MRFP Software: binary code or executable code

NOTE 2:
MRFP files may be any file owned by a user (root user as well as non-root users), including user account data and credentials, log data, configuration data, OS files, MRFP application, user plane security mechanism, or cryptographic materials.

O.10 Assets and threats specific to the IMS MGW p. 82

O.10.1 Critical assets p. 82

In addition to the critical assets of a GNP has been described in clause 5.2 of the present document, the critical assets specific to the IMS MGW to be protected are:

IMS MGW Application;
Media stream resource;
Security data, i.e. cryptographic materials for Mn, Mb, and CS interfaces
The interfaces of the IMS MGW to be protected and which are within SECAM scope:
- Mn interface between the IMS MGW and MGCF
- Mb interface between the IMS MGW and MRFP/IMS AGW
- CS interface between the IMS MGW and CS Network
- Console interface, for local access: local interface on the IMS AGW
- OAM interface, for remote access: interface between the IMS MGW and the OAM system
NOTE 1:
The detailed interfaces of the IMS MGW class are described in clause 4 of the present document.
IMS MGW Software: binary code or executable code

NOTE 2:
IMS MGW files may be any file owned by a user (root user as well as non-root users), including user account data and credentials, log data, configuration data, OS files, IMS MGW application, user plane security mechanism, or cryptographic materials.

O.11 Assets and threats specific to the TrGW p. 82

O.11.1 Critical assets p. 82

In addition to the critical assets of a GNP has been described in clause 5.2 of the present document, the critical assets specific to the TrGW to be protected are:

TrGW Application;
Media stream resource;
Security data, i.e. cryptographic materials for Ix and Izi interfaces
The interfaces of the TrGW to be protected and which are within SECAM scope:
- Ix interface between the TrGW and IBCF
- Izi interface between the TrGW and IP Multimedia Network
- Console interface, for local access: local interface on the TrGW
- OAM interface, for remote access: interface between the TrGW and the OAM system
NOTE 1:
The detailed interfaces of the TrGW class are described in clause 4 of the present document.
TrGW Software: binary code or executable code

NOTE 2:
TrGW files may be any file owned by a user (root user as well as non-root users), including user account data and credentials, log data, configuration data, OS files, TrGW application, user plane security mechanism, or cryptographic materials.

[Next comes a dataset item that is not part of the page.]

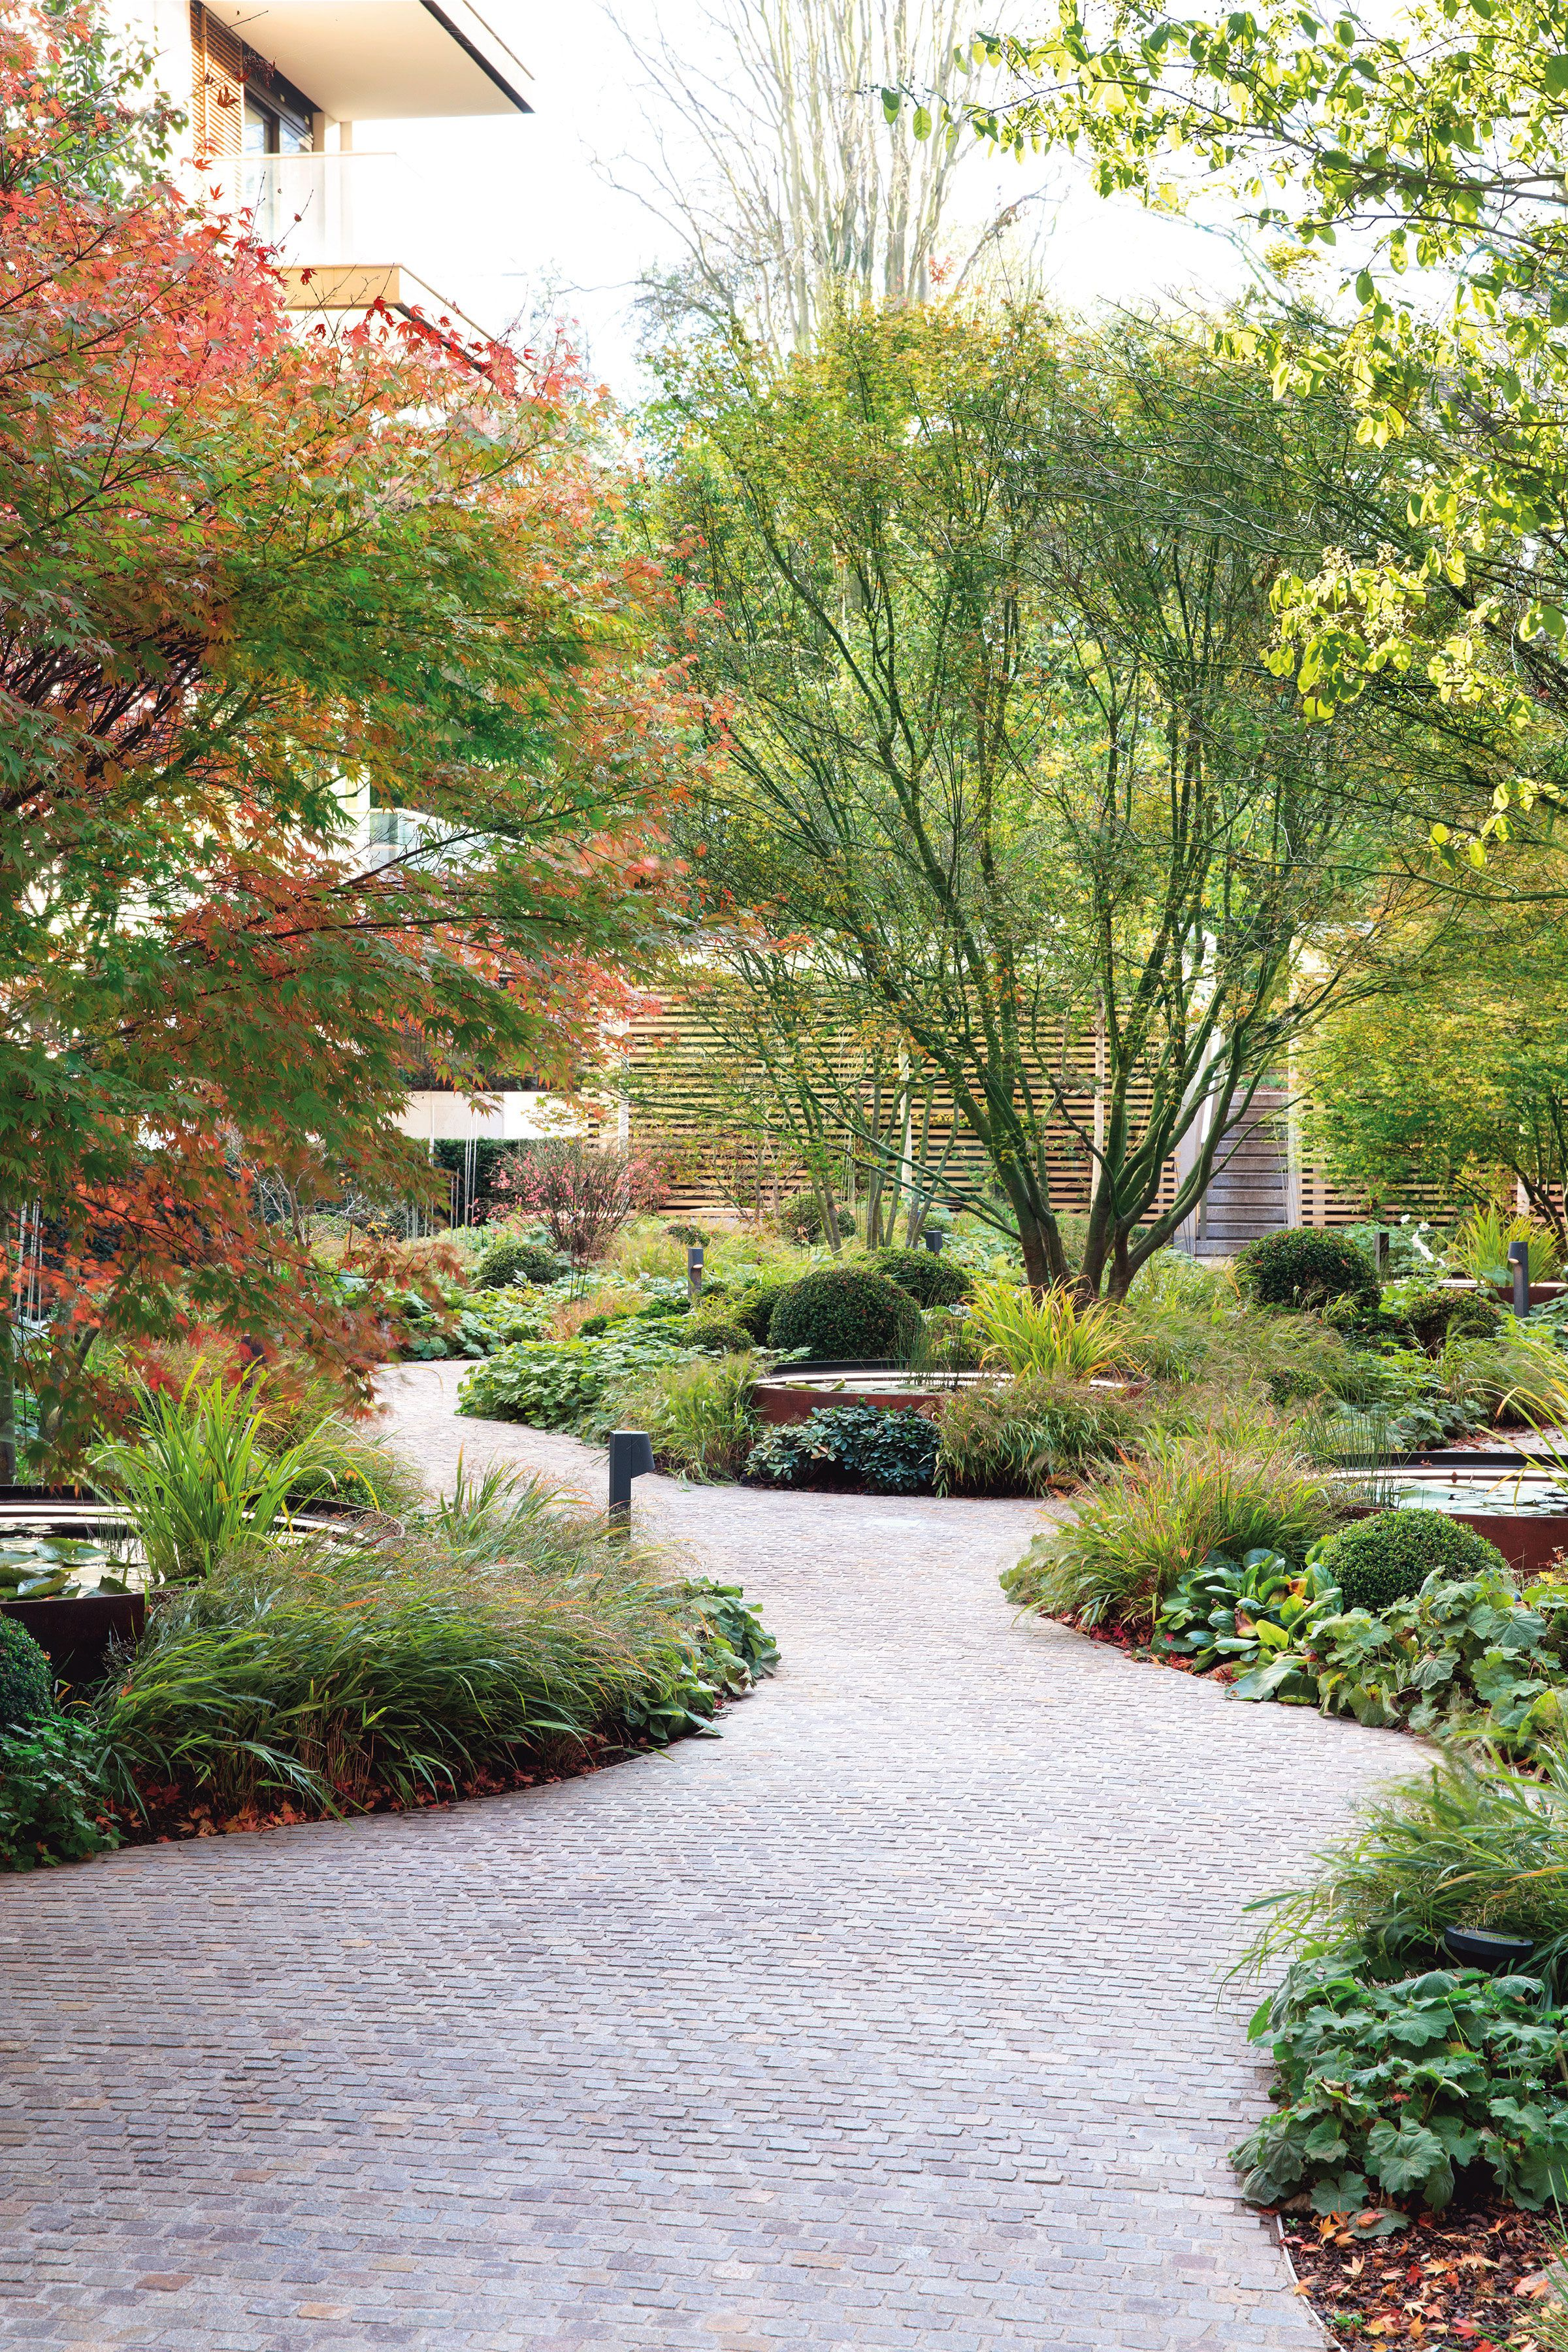 holland park villas by Gillespies

O.12 Assets and threats specific to the MGCF p. 83

O.12.1 Critical assets p. 83

In addition to the critical assets of a GNP has been described in clause 5.2 of the present document, the critical assets specific to the IMS AGW to be protected are:

MGCF Application;
Media stream resource;
Security data, i.e. cryptographic materials for Mg, Mj, CS, and Mn interfaces
The interfaces of the MGCF to be protected and which are within SECAM scope:
- Mg interface between the MGCF and I-CSCF
- Mj interface between the MGCF and BGCF
- CS interface between the MGCF and CS Network
- Mn interface between the MGCF and IM MGW
- Console interface, for local access: local interface on the IMS AGW
- OAM interface, for remote access: interface between the IMS AGW and the OAM system
NOTE 1:
The detailed interfaces of the IMS AGW class are described in clause 4 of the present document.
IMS AGW Software: binary code or executable code

NOTE 2:
IMS AGW files may be any file owned by a user (root user as well as non-root users), including user account data and credentials, log data, configuration data, OS files, IMS AGW application, user plane security mechanism, or cryptographic materials.